Around the stability of KAM tori

Abstract

We study the accumulation of an invariant quasi-periodic torus of a Hamiltonian flow by other quasi-periodic invariant tori.

We show that an analytic invariant torus ${\mathcal{T}}_0$ with Diophantine frequency ${\omega }_0$ is never isolated due to the following alternative. If the Birkhoff normal form of the Hamiltonian at ${\mathcal{T}}_0$ satisfies a Rüssmann transversality condition, the torus ${\mathcal{T}}_0$ is accumulated by Kolmogorov–Arnold–Moser (KAM) tori of positive total measure.

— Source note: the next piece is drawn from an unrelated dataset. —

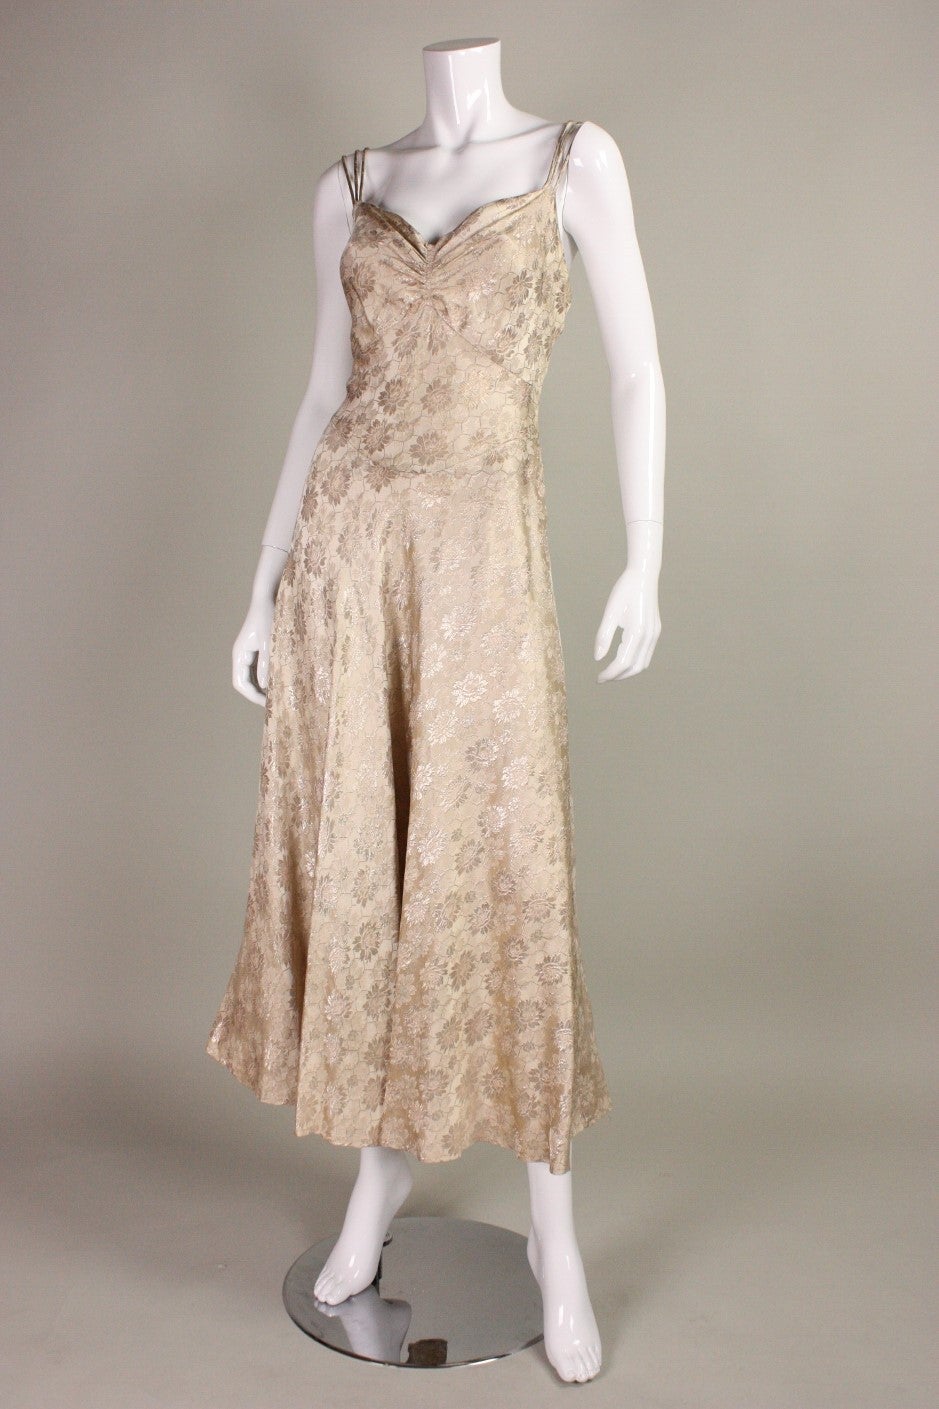 1930's Lamé Bias-Cut Evening Dress For Sale at 1stdibs

If the Birkhoff normal form is degenerate, there exists a subvariety of dimension at least $d+1$ that is foliated by analytic invariant tori with frequency ${\omega }_0$.

For frequency vectors ${\omega }_0$ having a finite uniform Diophantine exponent (this includes a residual set of Liouville vectors), we show that if the Hamiltonian $H$ satisfies a Kolmogorov nondegeneracy condition at ${\mathcal{T}}_0$, then ${\mathcal{T}}_0$ is accumulated by KAM tori of positive total measure.

In four degrees of freedom or more, we construct for any ${\omega }_0\in {\mathbb{R}}^d$, $C^{\infty }$ (Gevrey) Hamiltonians $H$ with a smooth invariant torus ${\mathcal{T}}_0$ with frequency ${\omega }_0$ that is not accumulated by a positive measure of invariant tori.